Шрифт:
Интервал:
Закладка:
Волгин захлопнул дверь с такой силой, что закачался светильник на потолке.
– Они еще и ненавидят нас за то, что сами натворили! – пробормотал он, пытаясь сдержать гнев.
Он широким тяжелым шагом приблизился к столу и стал перебирать письма и рисунки брата. Это был способ спрятать глаза.
Лена растерянно глядела на него. Она сидела у печки: заслонка была отворена, веселые отблески огня плясали на ее лице. Она только сейчас стала согреваться после холодной улицы, однако все равно чувствовала себя не в своей тарелке.
Появление хозяйки квартиры нарушило напряженную атмосферу, воцарившуюся в комнате, когда Волгин и Лена ввалились сюда с мороза.
Он уговорил ее заглянуть в дом, не гулять же в такой холод. Она засомневалась. Ей не хотелось оставаться с ним наедине. Неизвестно, что он мог подумать. Но Волгин убедил, что в квартире проживает строгая пожилая дама; можно будет просто выпить чайку с галетами и спокойно поговорить.
Однако квартира оказалась пуста, и от этого обоим стало очень неловко. Волгин затопил печку и усадил гостью перед огнем, а сам ушел на кухню и долго гремел чашками, прежде чем вернуться. Он вдруг стал говорить с Леной громко, уверенно, голос его уходил вниз, на басы, и было понятно, что он по-детски смущен.
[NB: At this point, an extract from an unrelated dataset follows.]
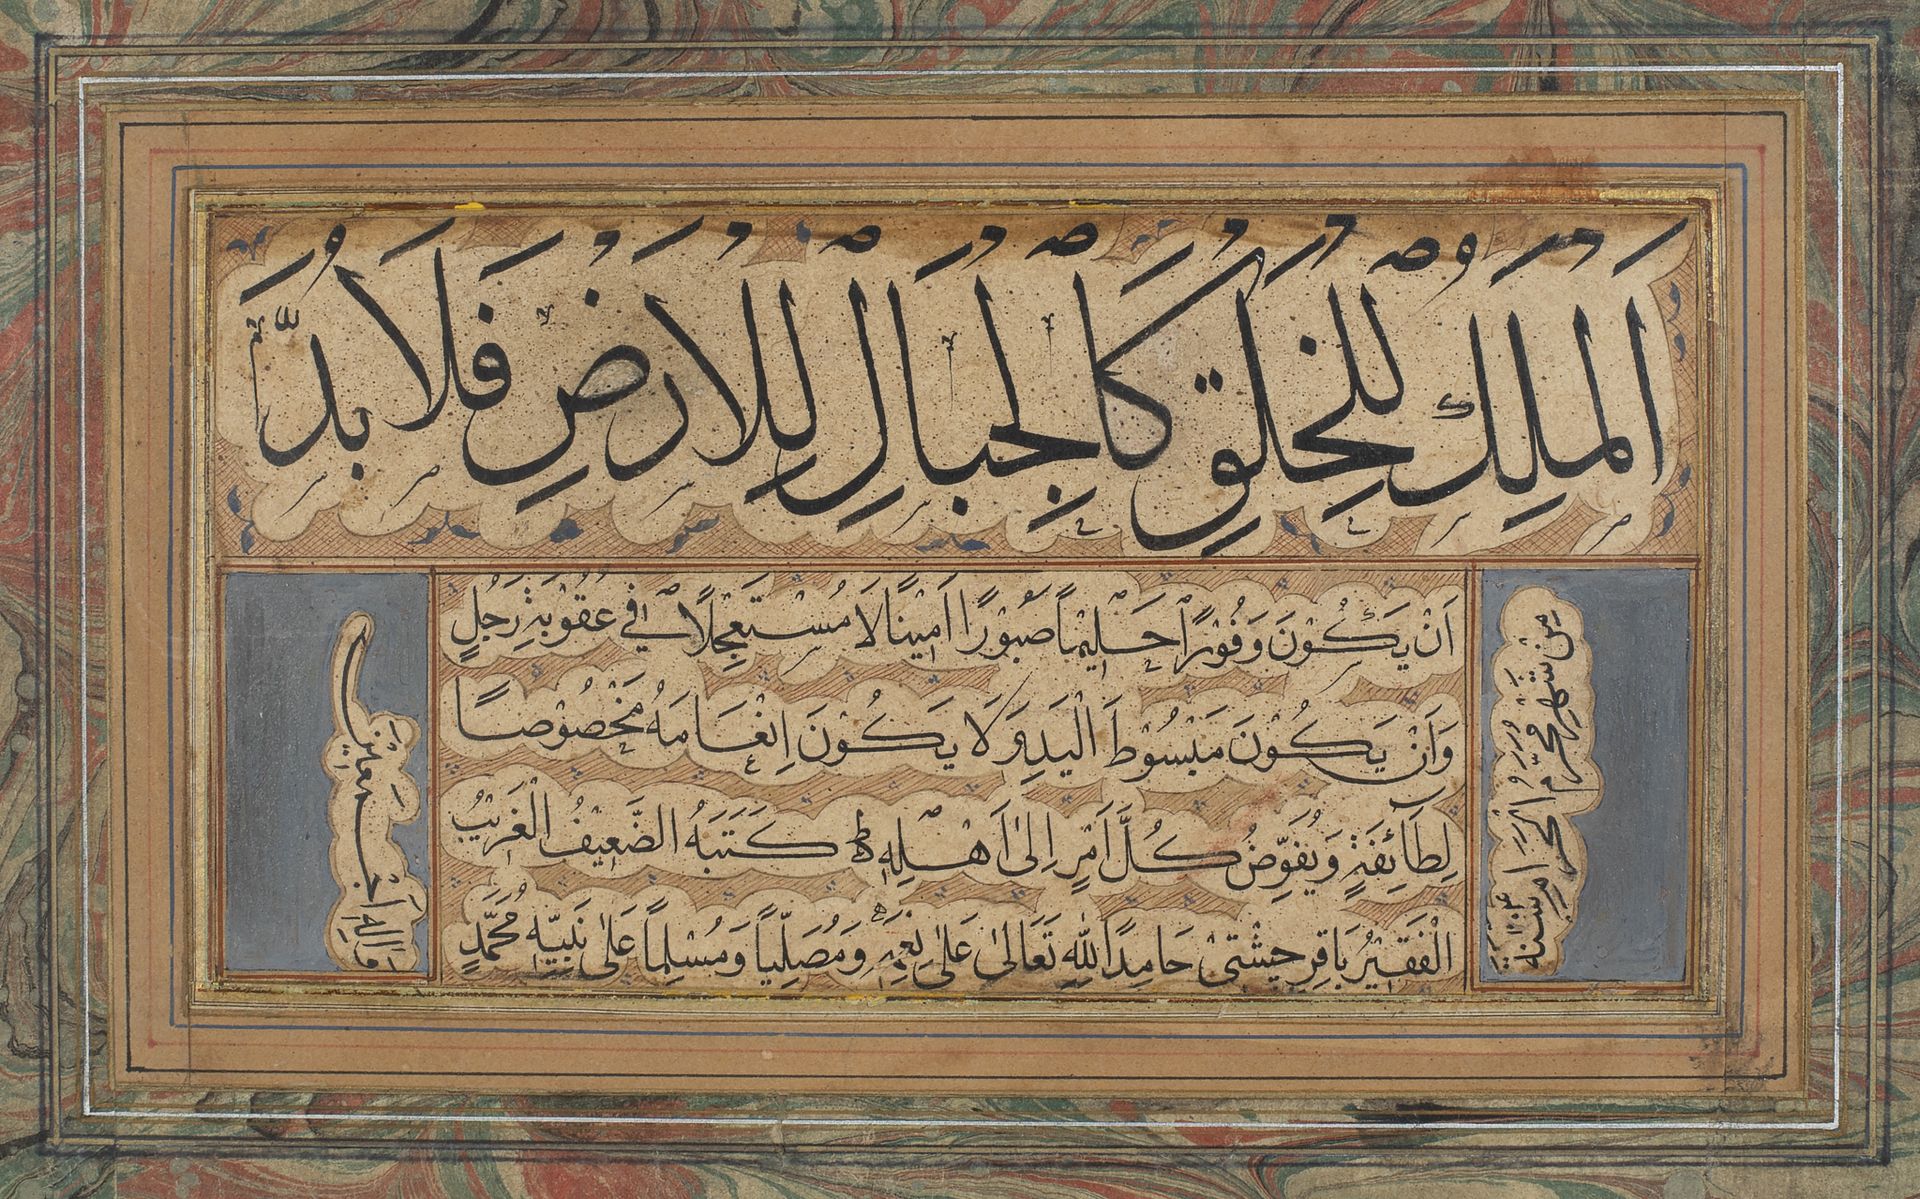 Qita' par Bâqir Tsheshti Hamid en 1214H. ('''=1799) An ottoman Calligraphic exer&hellip;

Лена взяла чашку и осталась сидеть у печки. Расстояние все-таки спасало и делало ситуацию менее двусмысленной. Или, вернее сказать, менее откровенной.
Когда же в прихожую ввалилась хозяйка, Лена смогла перевести дух. И даже истерика, учиненная Фрау, не испортила ей настроения, чего нельзя было сказать о Волгине. Он вышел на плач, чтобы помочь, а получил скандал и вернулся в скверном расположении духа, и теперь Лена не знала, как его успокоить.
Она схватилась за первый же предлог – за письма, которые Волгин в раздражении рассыпал по столу.
– Кто вам пишет?
– Это не мне. Это матери. Брат…
Лена осторожно приблизилась к столу. Она слышала, как в коридоре угасают шаркающие шаги хозяйки.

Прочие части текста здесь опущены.